昨年のレースで出場権を得られなかった強豪校が集うなか、今シーズン好調を維持し、9年連続で全日本大学駅伝出場を決めたのが中央学院大だ。
昨年の全日本大学駅伝にも出走した中央学院大のエース・栗原啓吾 1組目、中央学院大は松島匠(3年)、伊藤秀虎(ひでとら/2年)が出走した。
レースは国学院大の中西大翔(3年)が飛び出し、そのまま独走。第2集団が大きな塊となるなか、松島と伊藤は冷静にレースを進めていく。
松島は「前夜、レースをイメージしていたら緊張して......ちょっと怖くなりました」と語っていたが、落ち着いたレース運びを見せて5位でフィニッシュ。
「監督から人をうまく使って『先頭から10秒以内で』という指示を受けていました。それはできなかったんですけど、10位以内を狙っていたので、最低限の仕事は果たせたと思います」と、松島は安堵の表情を見せた。伊藤も9位と好走し、チームは1組目終了時点で総合2位と上々の滑り出しを見せた。
しかし2組目で、昨年の箱根予選会での悪夢を彷彿させることが起こってしまう。吉田光汰(4年)が5キロを越えたところで遅れ始めてしまったのだ。

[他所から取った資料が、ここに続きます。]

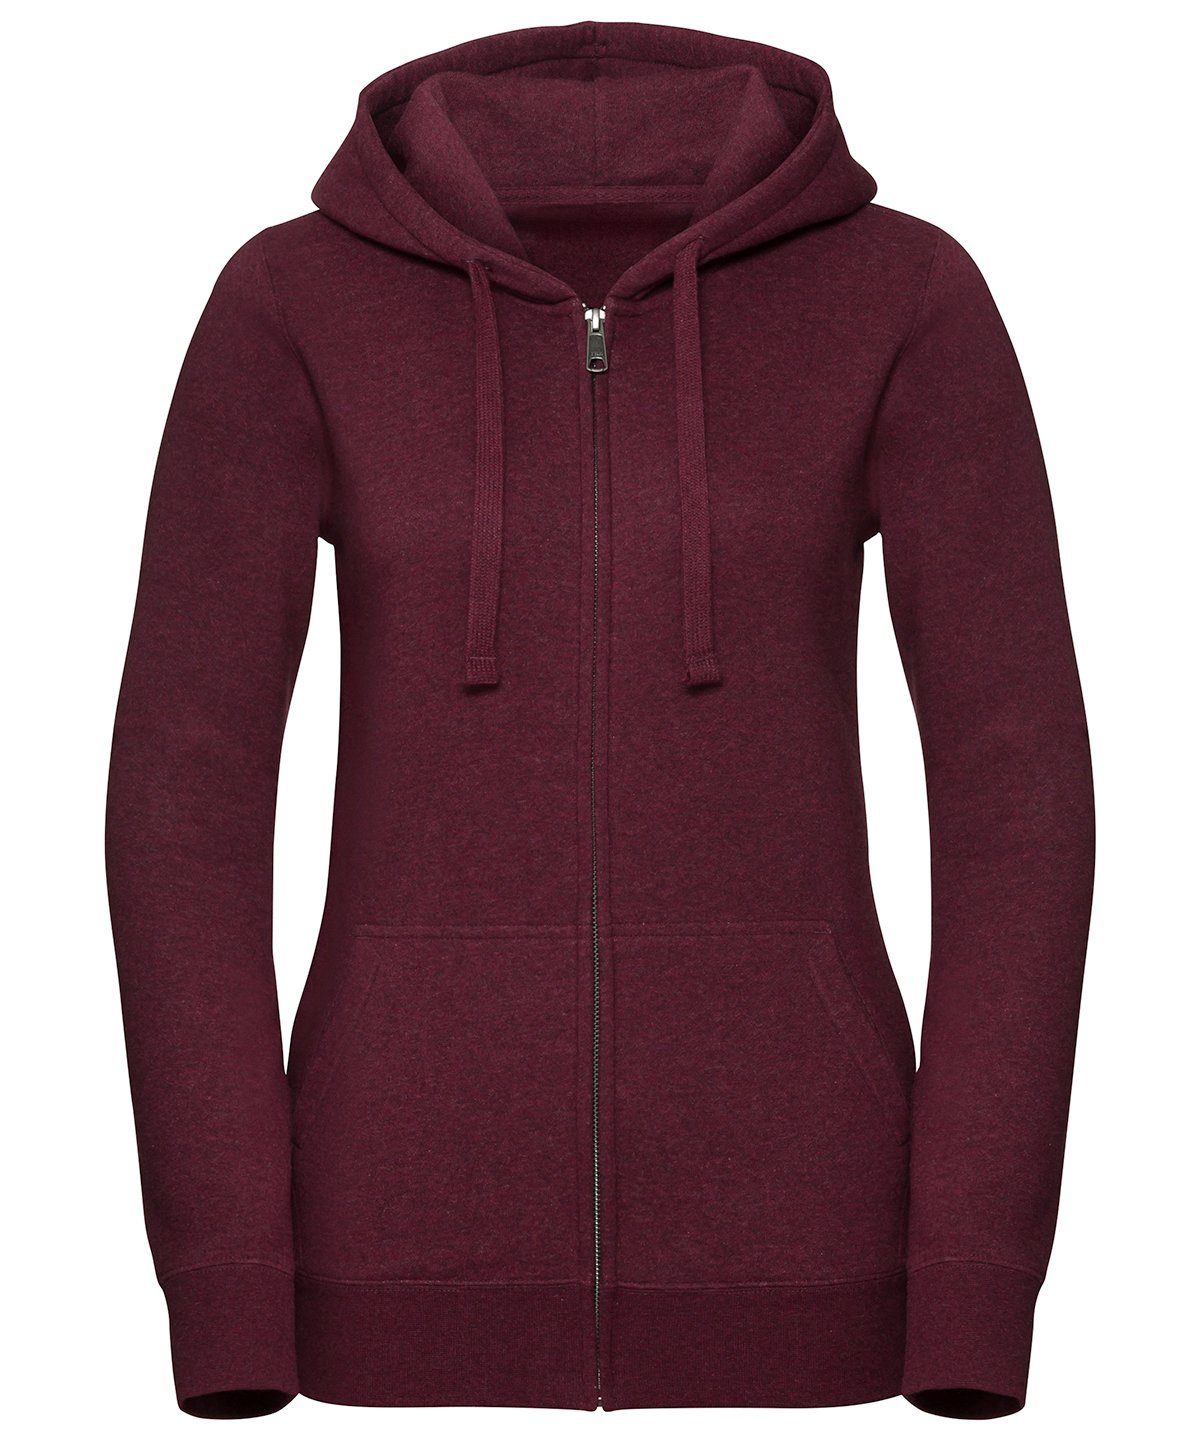 Download Russell Women's Authentic Melange Zipped Hood Sweatshirt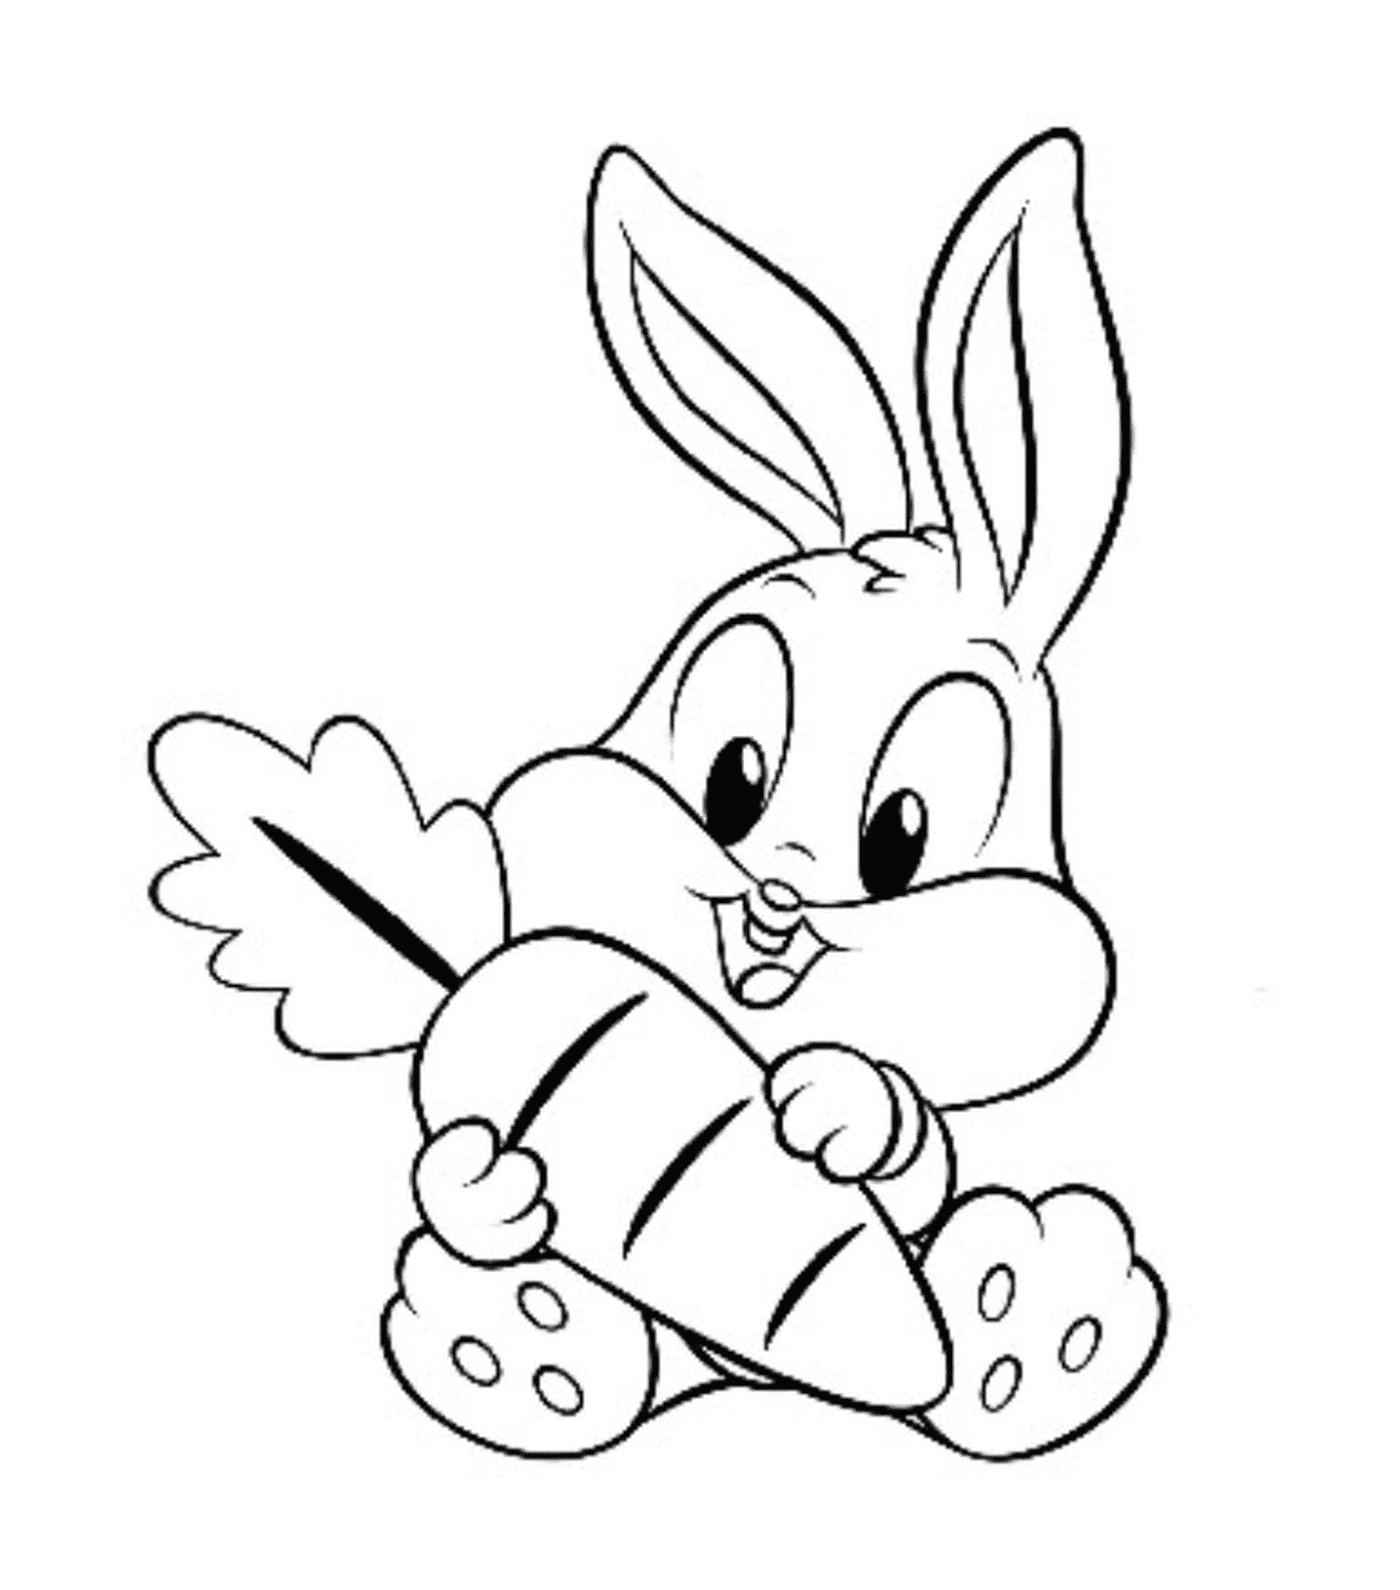  一只兔子在嘴里拿着大胡萝萝卜

「1キロで足に違和感を感じて、3キロぐらいからきつくなって。どうしようと思いながら前に出る力を極力使わないようにしたんですけど、どんどん下がっていってしまった。練習はしっかりできていましたし、調整もうまくいっていたんですけど......」
川崎勇二監督から「1秒が大事だ」という声がかかり、吉田も頭では理解していたが、体がついてこなかった。
ただ、もうひとりのランナー川田啓仁(3年)は、国学院大の木付琳(きつき・りん/4年)が6キロ過ぎから前に出ていくなか、粘り強くついていった。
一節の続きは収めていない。